Elles soutiennent que :
— la condition d’urgence prévue à l’article L. 521-2 du code de justice administrative est remplie pour les raisons suivantes : en premier lieu, l’urgence est présumée en cas d’invocation d’une violation du droit, garanti par les stipulations de l’article 3 de la convention européenne de sauvegarde des droits de l’homme et des libertés fondamentales, de ne pas être soumis à la torture, ni à des peines ou traitements inhumains ou dégradants ; or elles estiment que M. D a subi des conditions de détention indignes au centre pénitentiaire de Fresnes du fait, notamment, de la présence de nuisibles tels que cafards et punaises de lit dans sa cellule ; en deuxième lieu, il existe un risque de déperdition d’éléments de preuves utiles voire nécessaires à la manifestation de la vérité dans le cadre d’actions qu’elles pourraient exercer afin de faire valoir leurs droits, dès lors que, d’une part, les dispositions de l’article L. 223-11 du code pénitentiaire impliquent la suppression définitive un mois après le décès de M. D, soit le 29 décembre 2024, des enregistrement des images de vidéosurveillance dont elles sollicitent la conservation, le visionnage et la communication d’une copie, images dont elles souhaitent pouvoir vérifier elles-mêmes le contenu et l’utilité en présence de leur conseil et dont la communication ne porterait aucune atteinte à la sécurité des agents de l’administration pénitentiaire, d’autre part, en l’absence de réponse positive à leurs demandes de restitution, les effets personnels de M. D pourraient être remis à l’administration en application de l’article D. 332-8 du code pénitentiaire ; en troisième lieu, la famille de M. D n’a, plusieurs jours après le décès de celui-ci, reçu aucune information de la part de l’administration pénitentiaire, notamment sur les circonstances et les causes de ce décès et sur l’autopsie pratiquée, et ne s’est par ailleurs pas vu restituer les effets personnels du défunt ; elle se trouve ainsi placée dans une situation d’inquiétude et d’incompréhension et empêchée de faire son deuil ; en outre, l’administration pénitentiaire n’a pas répondu à leurs demandes et refuse d’y faire droit, ce qui laisse certaines questions sans réponse ;
— il est porté une atteinte grave et manifestement illégale à la liberté fondamentale que constitue le droit de ne pas subir des traitements inhumains et dégradants, dès lors que M. D a subi de tels traitements du fait de conditions de détention indignes qui ont entraîné sa mort et que la suppression des enregistrements des images de vidéosurveillance dont elles sollicitent la conservation, le visionnage et la communication d’une copie porterait une atteinte grave aux droits de la famille du défunt, en l’empêchant de faire la lumière sur les circonstances du décès de celui-ci, et violerait ainsi les stipulations de l’article 3 de la convention européenne de sauvegarde des droits de l’homme et des libertés fondamentales en ce que, dans leur volet procédural, elles garantissent le droit à une enquête effective et un accès aux preuves ;
— il est également porté une atteinte grave et manifestement illégale à leur droit d’accès aux données à caractère personnel, dès lors que les éléments dont elles entendent obtenir communication constituent des données à caractère personnel permettant l’exercice d’un droit d’accès.

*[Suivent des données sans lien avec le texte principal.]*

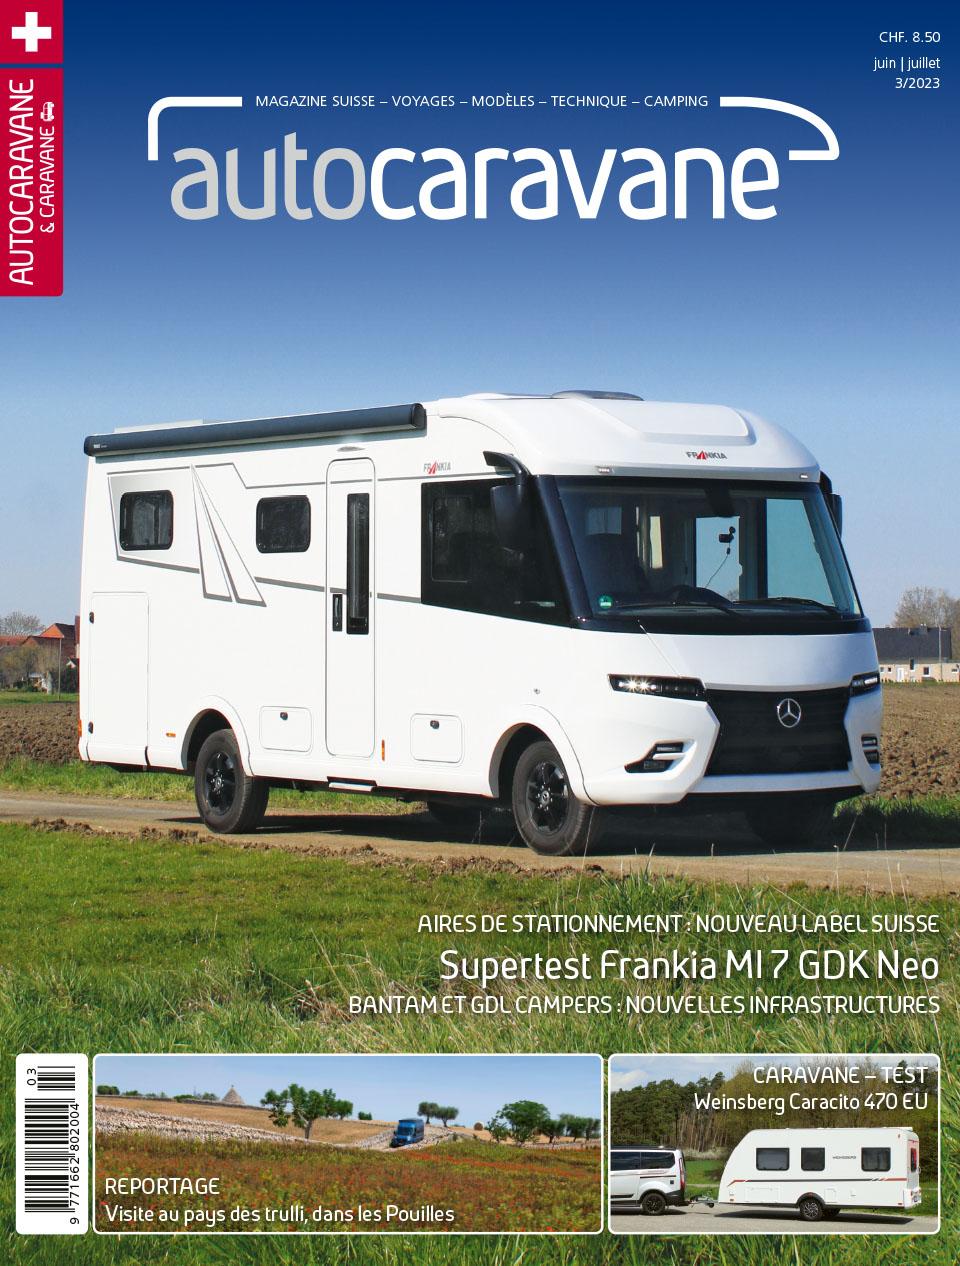 Wohnmobil & Caravan / autocaravane: Télécharger dans l'App Store

Par un mémoire en défense, enregistré le 17 décembre 2024, le garde des sceaux, ministre de la justice conclut au rejet de la requête.
Il fait valoir que :
— la condition d’urgence prévue à l’article L. 521-2 du code de justice administrative n’est pas remplie ;
— aucun atteinte grave et manifestement illégale n’a été portée à une liberté fondamentale.

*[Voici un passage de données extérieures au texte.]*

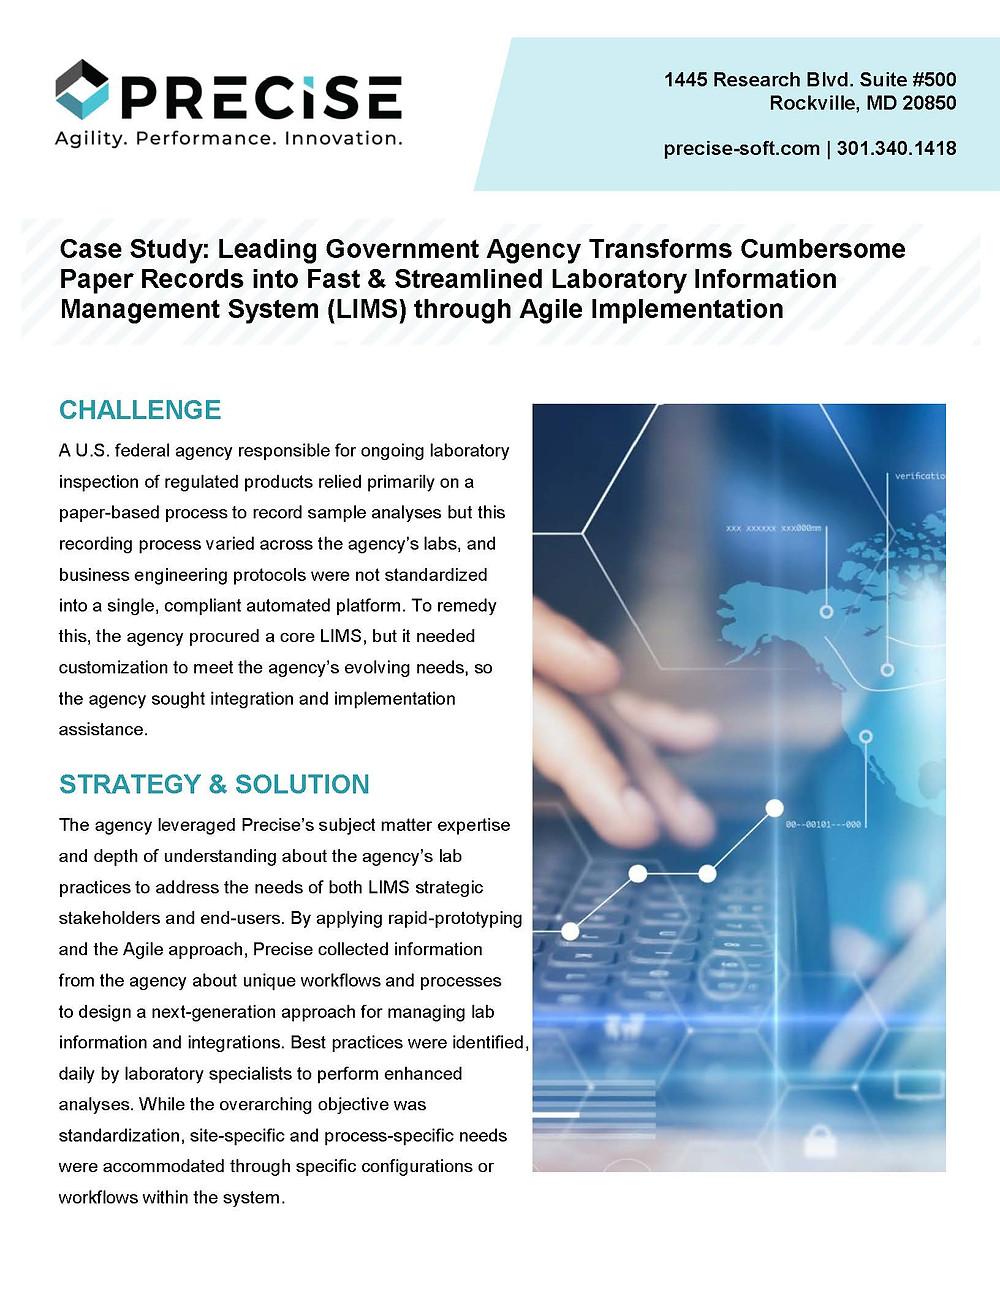 LIMS Case Study

Vu les autres pièces du dossier.
Vu :
— la convention européenne de sauvegarde des droits de l’homme et des libertés fondamentales ;
— le code pénitentiaire ;
— le code de justice administrative.
La présidente du tribunal a, en application de l’article L. 511-2 du code de justice administrative, désigné M. Zanella, premier conseiller, pour statuer sur les référés présentés sur le fondement des dispositions du livre V du même code.
Les parties ont été régulièrement informées de la date et de l’heure de l’audience publique.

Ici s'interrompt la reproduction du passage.